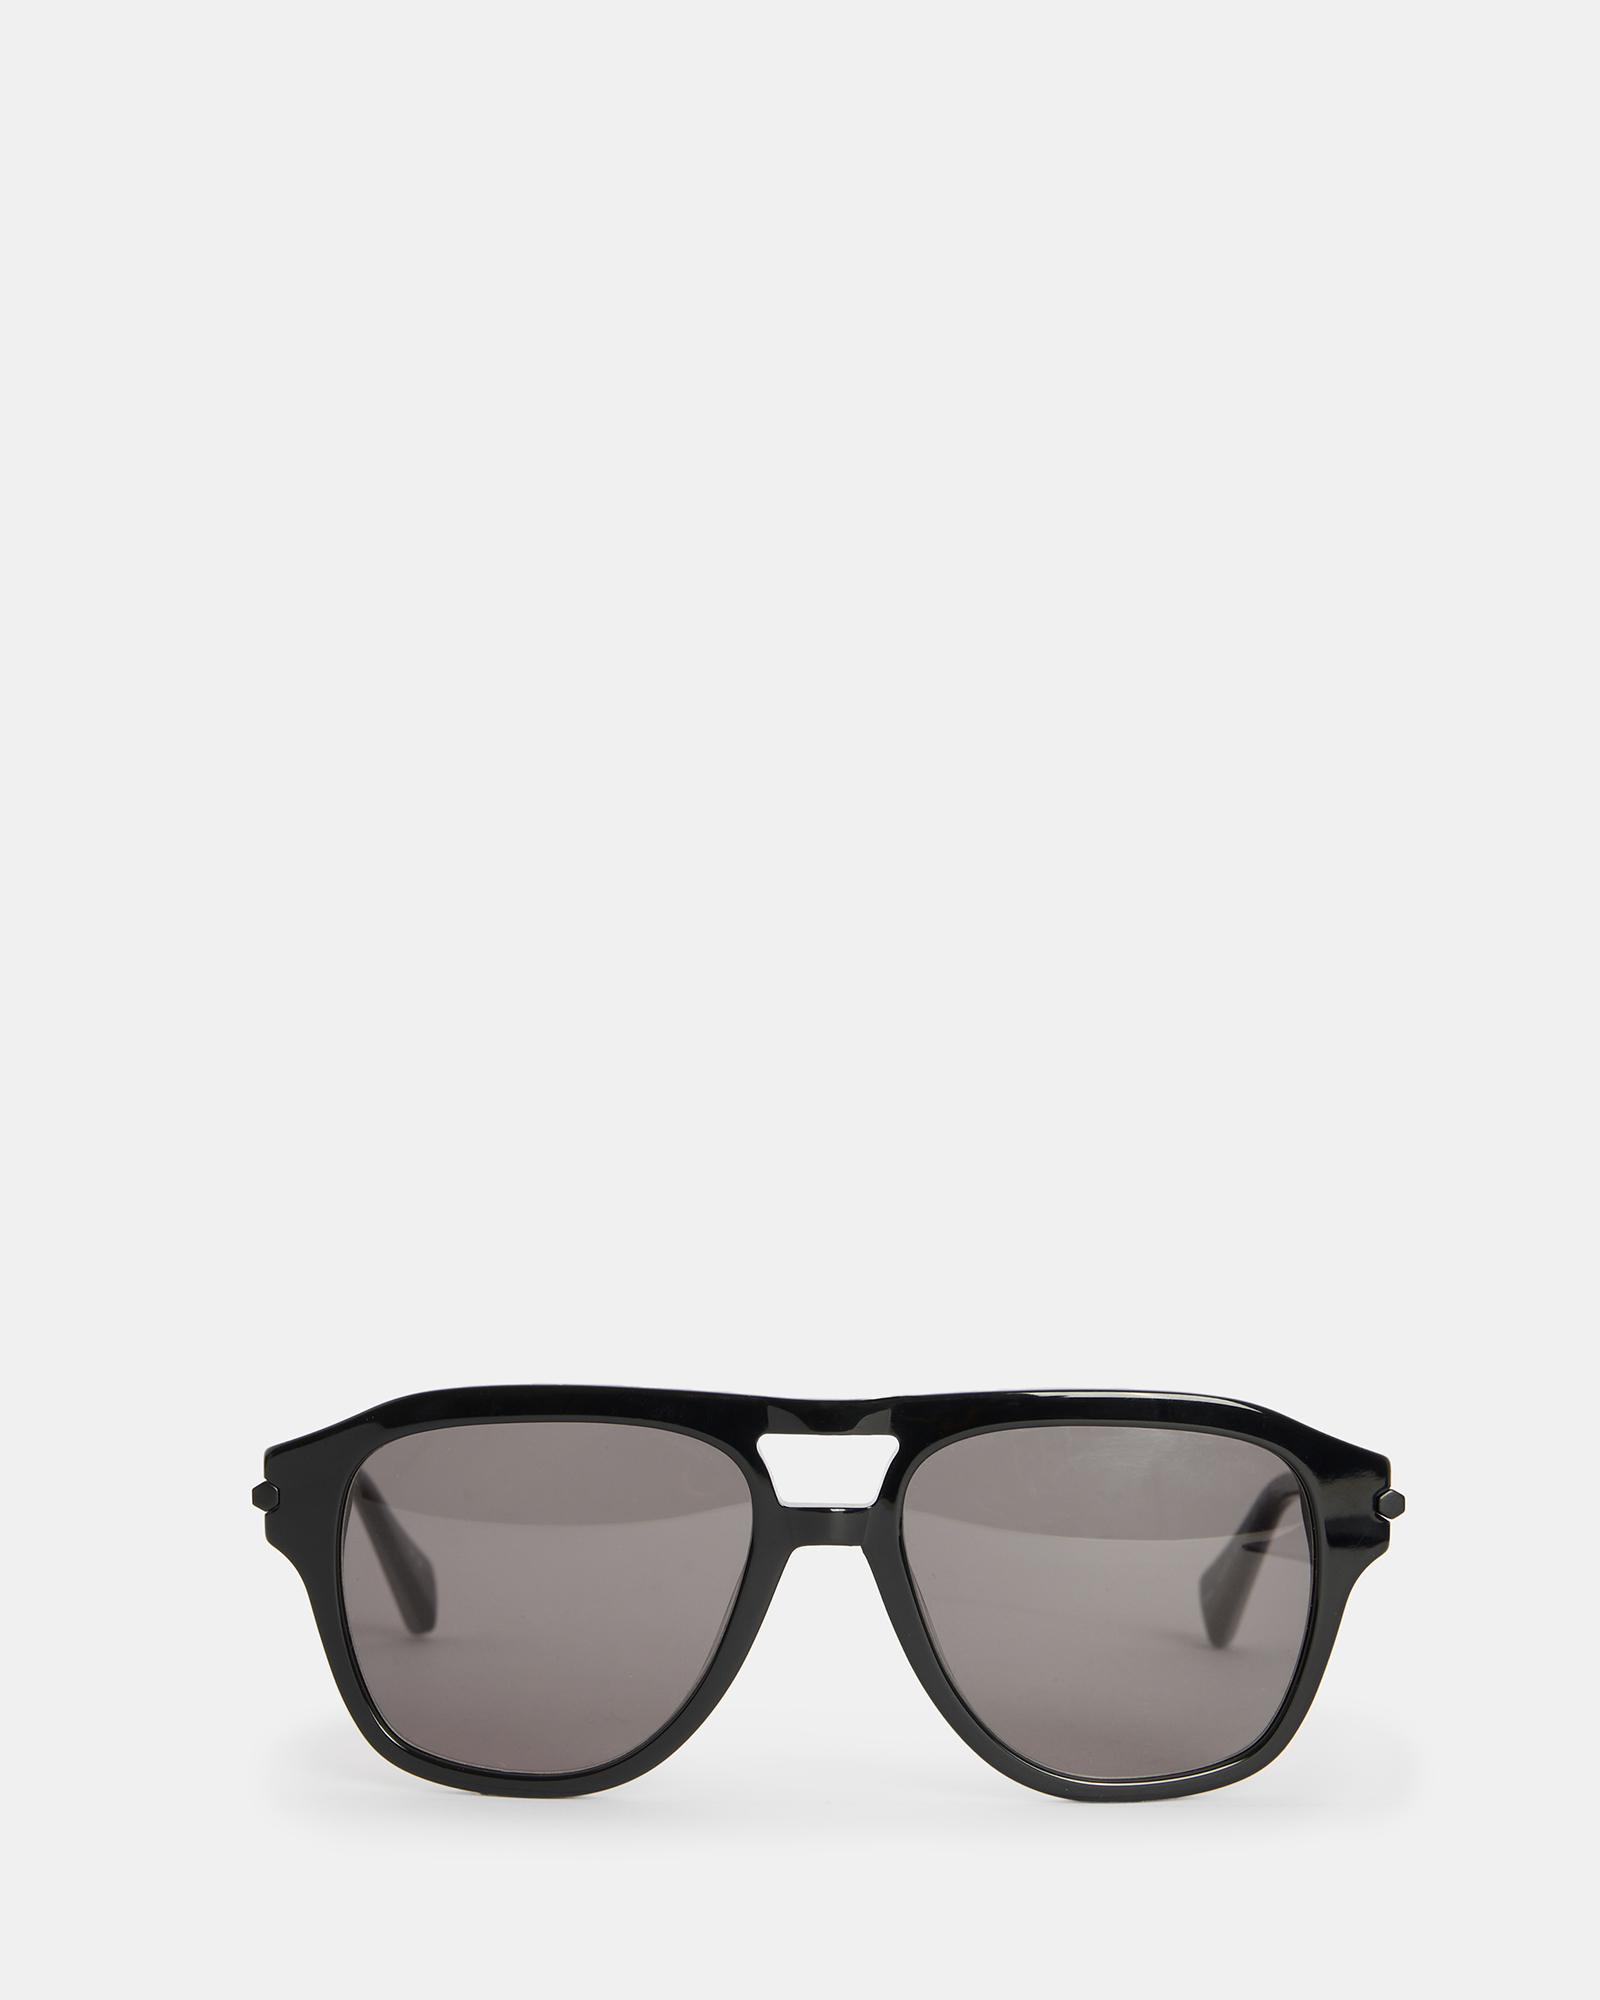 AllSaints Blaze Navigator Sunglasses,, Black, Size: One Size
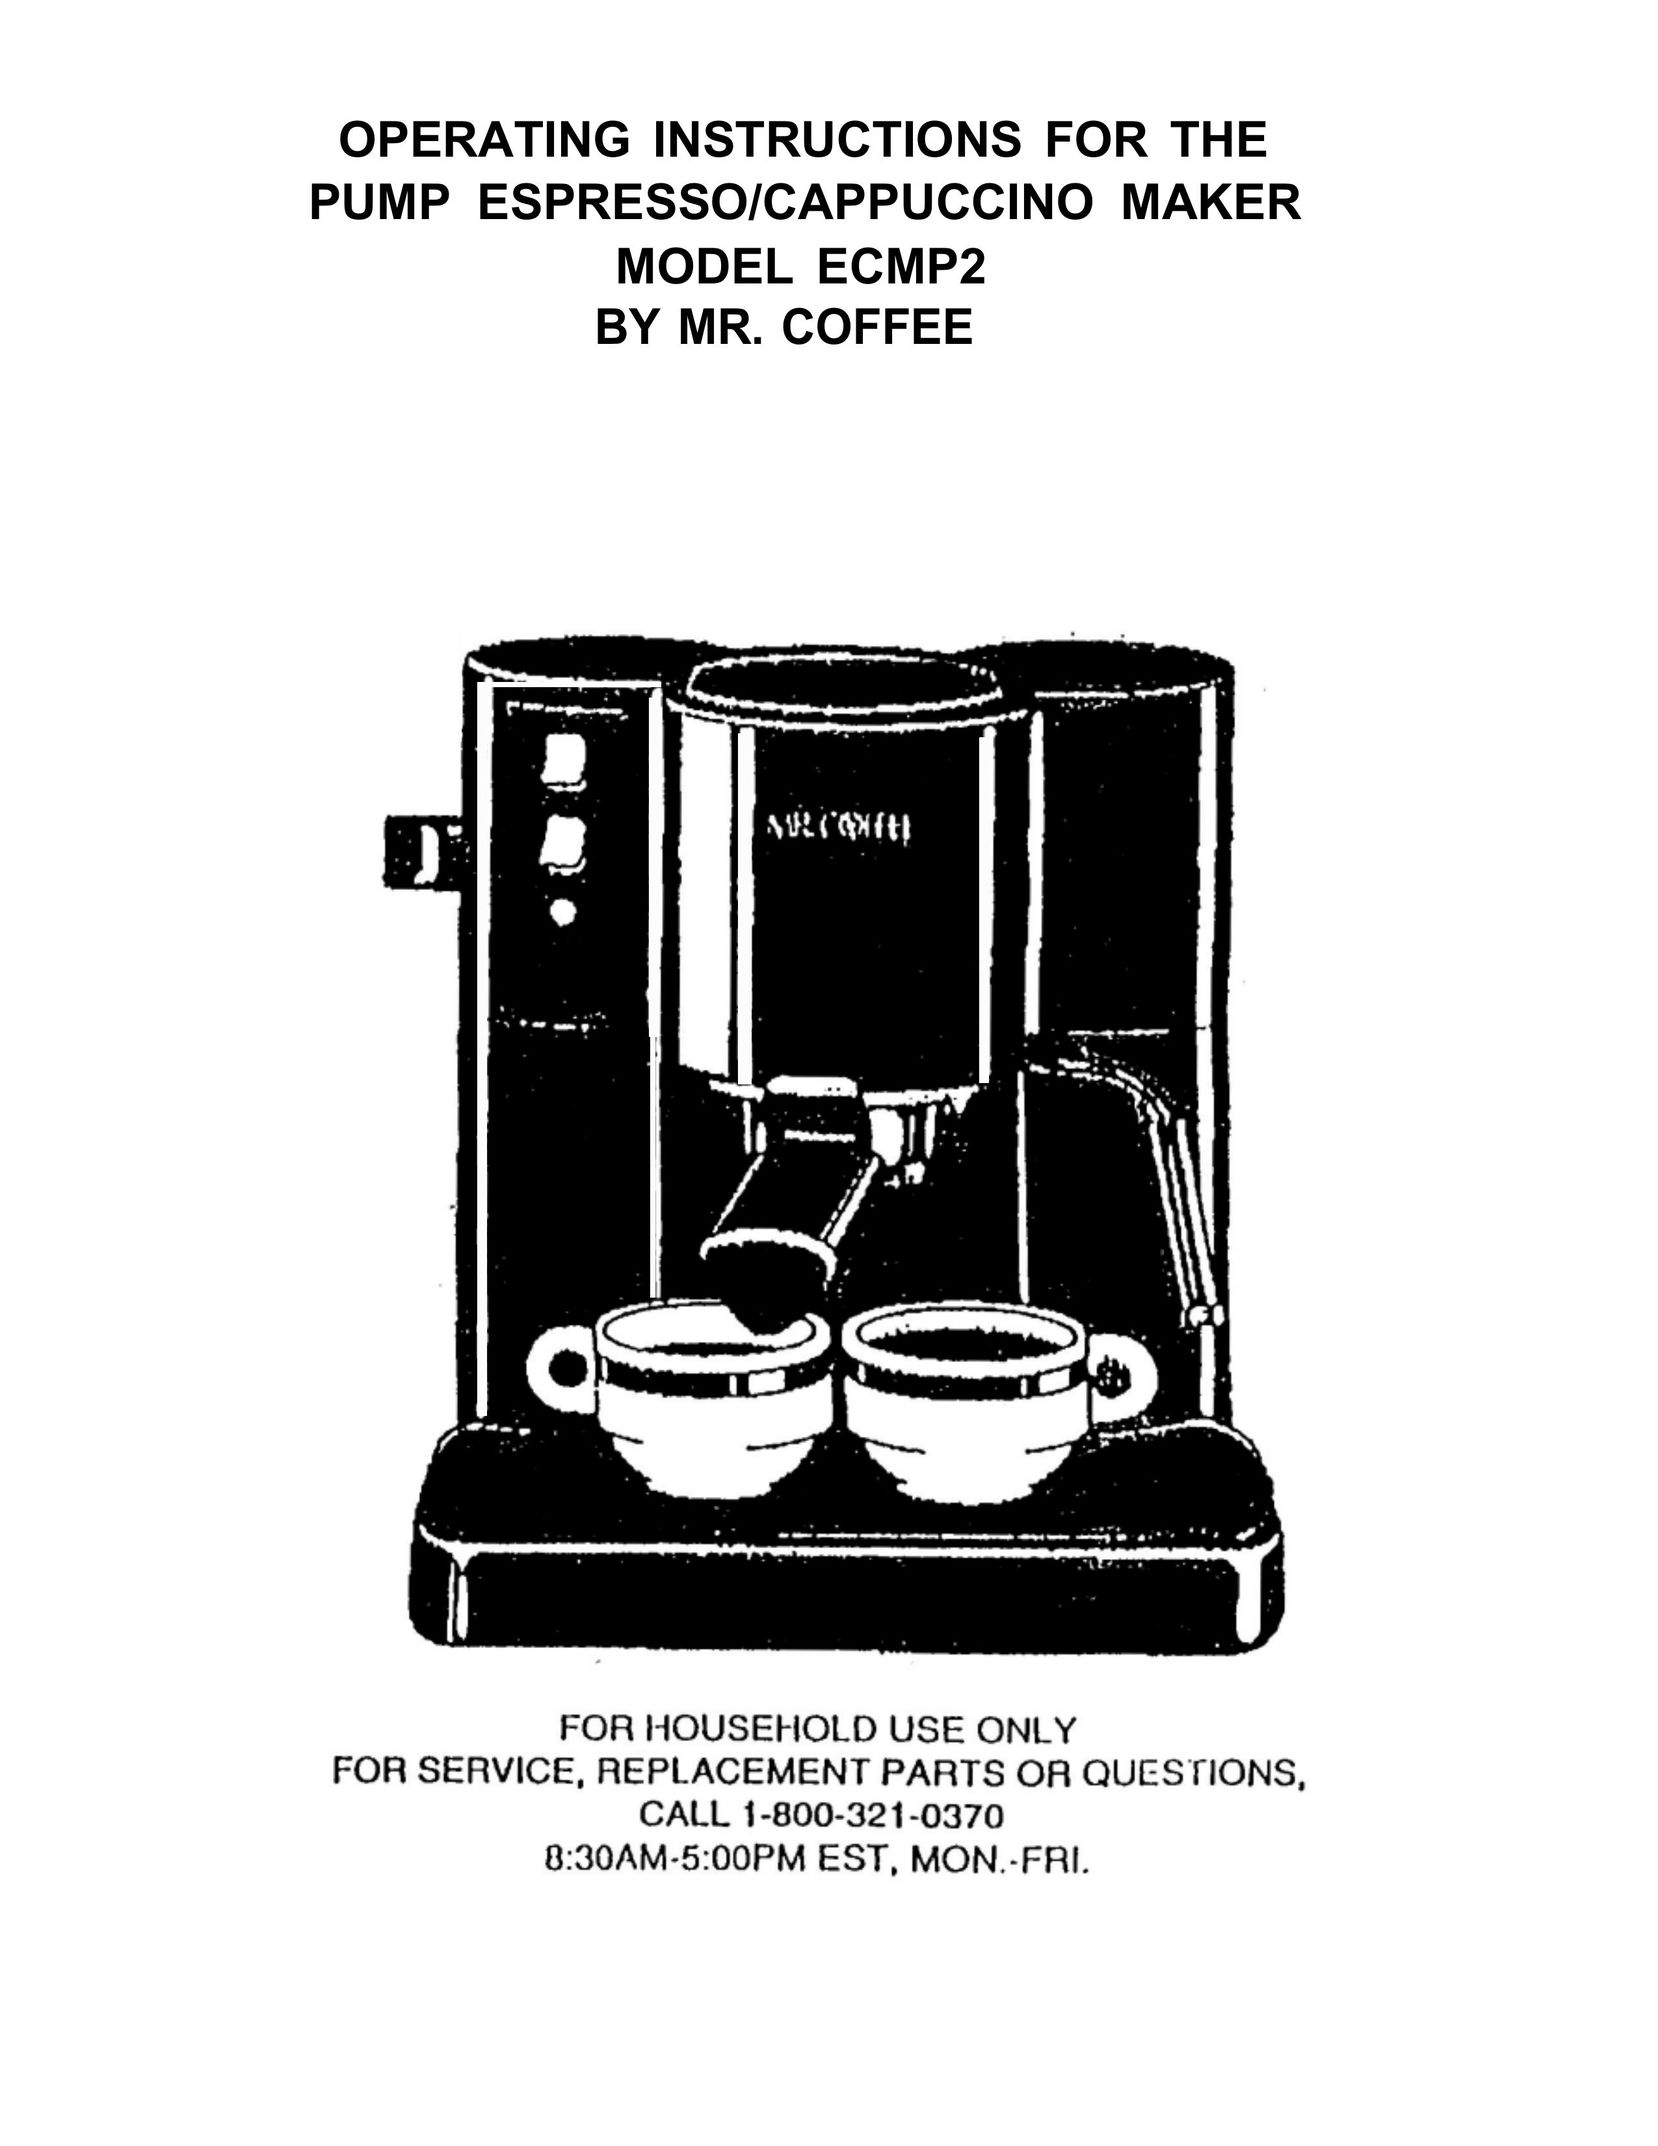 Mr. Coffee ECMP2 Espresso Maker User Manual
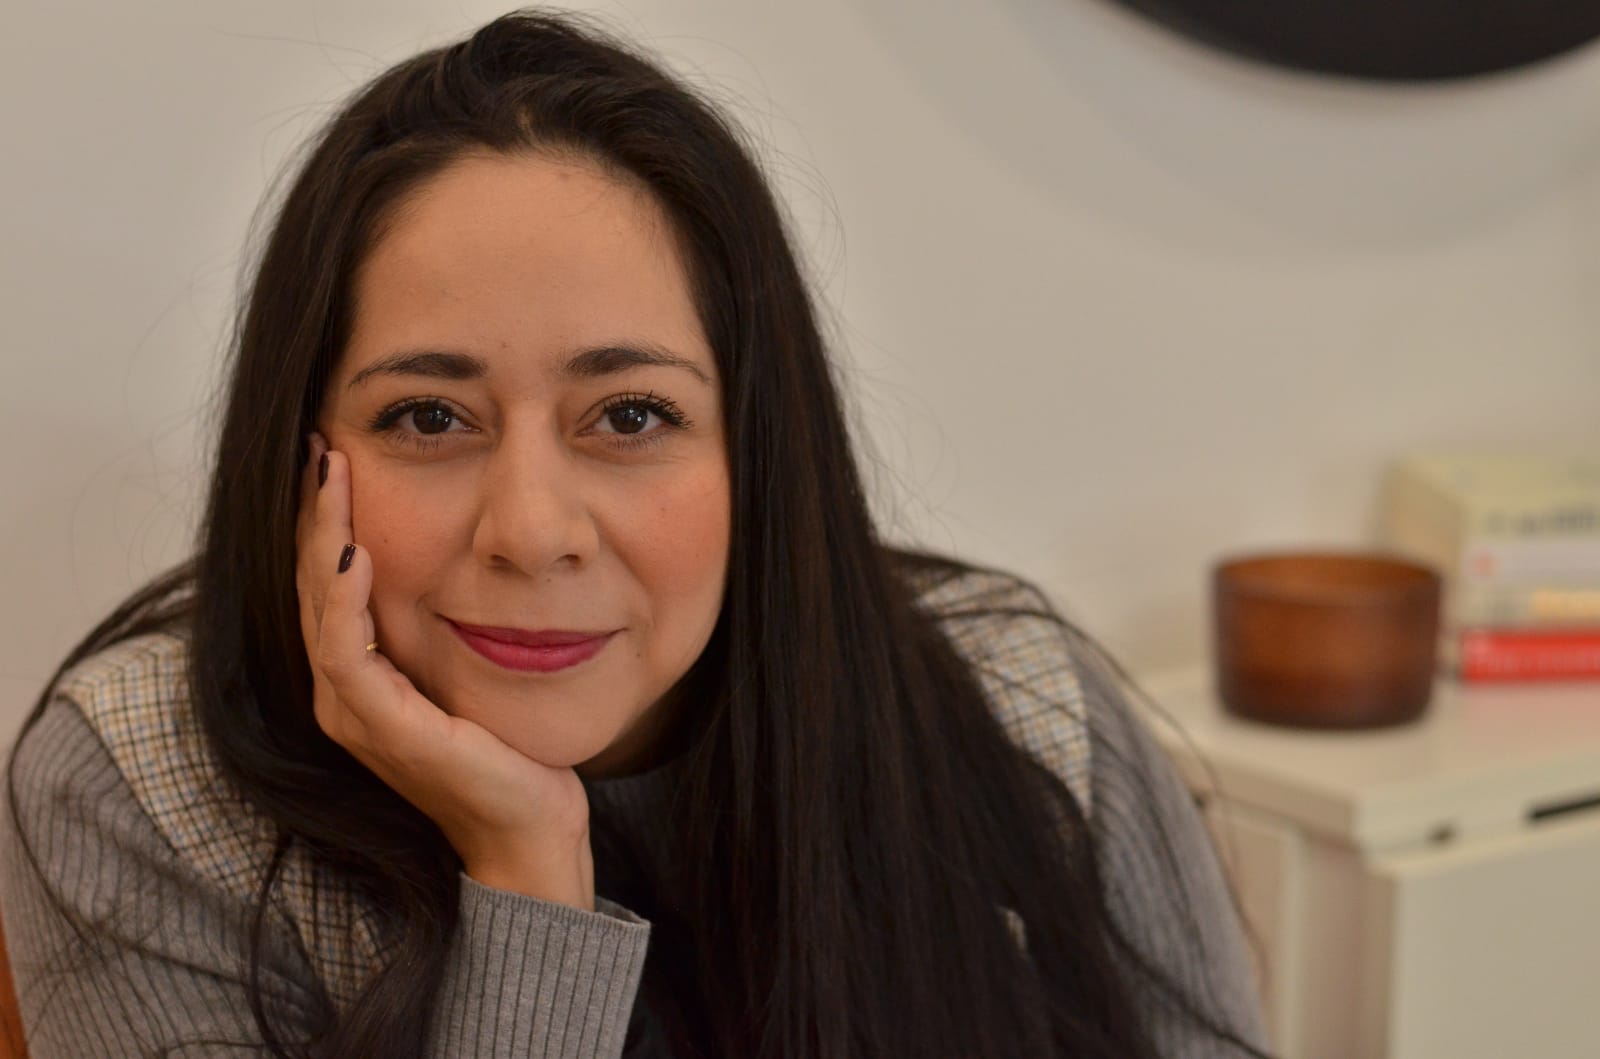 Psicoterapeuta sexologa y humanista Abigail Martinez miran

※ ※ ※

To do: Repeat the material verbatim but without any of its pictures.

Response:
 AllSaints Blaze Navigator Sunglasses,, Black, Size: One Size
 Mr. Coffee ECMP2 Espresso Maker User Manual
 Psicoterapeuta sexologa y humanista Abigail Martinez miran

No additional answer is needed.